LifeWORKS – the shape of Contentment

CONTENTMENT

Do you remember the Dot-to-Dot puzzle books in which the hidden picture on the page gradually became visible as you painstakingly joined up the numbered dots? In the days before silicon chips, that was what passed as fun. 

Try explaining that to a teenager.

Anyway: let me join up some dots, as we think about the LifeSHAPE of ‘contentment’.

In 2014 a team of American academics were researching how people in different cultures experience emotions. They wanted to find out what the similarities and differences were and what different people groups could learn from one another.  They went to a remote tribal settlement in the Himalayas and found that the people there, whose lives had not been exposed to global cultures, nevertheless identified with a wide range of emotions. Sadness, embarrassment, joy, shame – all seemed to transcend culture. However, one emotion seemed to cause the most excitement. 

Contentment.

The villagers drew breath and explained that “in our culture, this emotion is very special. It is the highest achievement of human well-being, and it is what the greatest enlightened masters have been writing about for thousands for years.” 

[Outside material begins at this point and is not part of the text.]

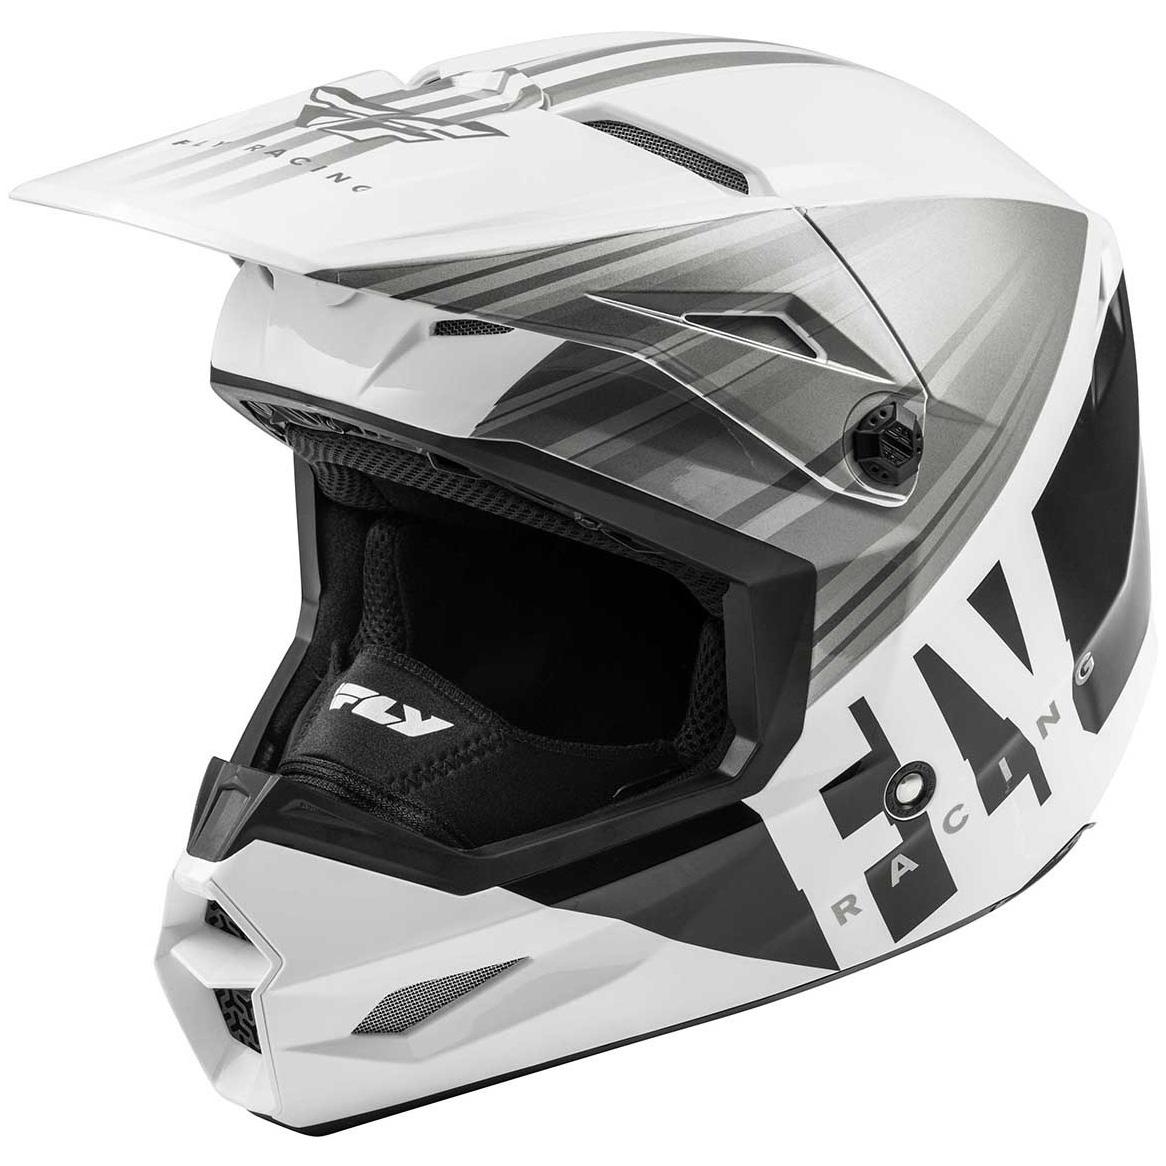 Fly Racing - 2020 Kinetic K220 шлем, бело-серо-черный

Asked for more details they admitted that “It’s hard to translate it exactly, but the closest word in our language is chokkshay, which is a very deep and spiritual word that means ‘the knowledge of enough.’ It basically means that right here, right now, everything is perfect as it is, regardless of what you are experiencing outside.”

There are some rich Biblical connections to be made here.

Contentment: a spiritual gift, that right here, right now, even if everything is NOT perfect as it is, and regardless of what I am experiencing outside, I’m OK.

Think Paul and Silas praising God in prison (Acts 16:25).

Think Stephen’s peace while being stoned to death (Acts 7:55).

Think Habakuk’s fruitless vine and empty cattle stalls (Habbakuk 3:17-19).

They all seemed to believe that right here, right now, even though everything was NOT perfect  they could still experience contentment, peace and even joy.

How do we get to this point of radical contentment?

Well, the research above explored a wide range of global wisdom, historic and contemporary, and concluded that there were two main ways that people sought contentment.  One they called ‘The More Strategy’, the other ‘The Enough Strategy’.

The More Strategy seeks contentment by getting more. More stuff. More free time. More likes on faceBook. More friends. More attention. 

More.  When I’ve got it I will be content.

But it’s a flawed strategy because ‘More’ is insatiable. When you’ve got more, guess what?  You want more!

The Enough Strategy holds out greater hope – but be warned that even the ‘Enough Strategy’ can morph into the More Strategy in disguise!  If I feel I need enough friends, or enough money or enough affirmation, that can be just a different way of saying I need more of those things!

So what DO I need enough of, to be content.

Time to join some LifeWORKS dots. 

What DO I need enough of, to be content? The answer is, ‘enough trust that God is good, and faithful and merciful and generous and on my case’.

If we don’t join the LifeSHAPE dot of Contentment, to the LifeSHAPE dot of Trust to the LifeSOURCE dots of God’s character the picture will be incomplete.

Contentment is not found in seeking contentment but in trusting God.

Contentment is not found in seeking contentment but in trusting God.

As Psalm 62:5-7 puts it:

Yes, my soul, find rest in God;
    my hope comes from him.

Truly he is my rock and my salvation;
    he is my fortress, I shall not be shaken.

My salvation and my honour depend on God;
    he is my mighty rock, my refuge.

Contentment. The ability to be at ease within myself, whatever the circumstances BECAUSE my soul is resting in God.

Life is complicated. Stuff happens. We get sick. We get scammed. We make stupid decisions which end up hurting us or others that we care about. Our jobs are threatened. We can’t sleep… There is no end to the list of things that can make us DIScontent.  We may need to work at some of those things – or even fight against them (no one is saying that we should be content with violence or injustice for example).

But it’s not about perfection, or adequacy or competence or ‘more’.  It’s about holding on to the belief that God is enough. Only from that starting place can we enjoy the picture of Christian contentment.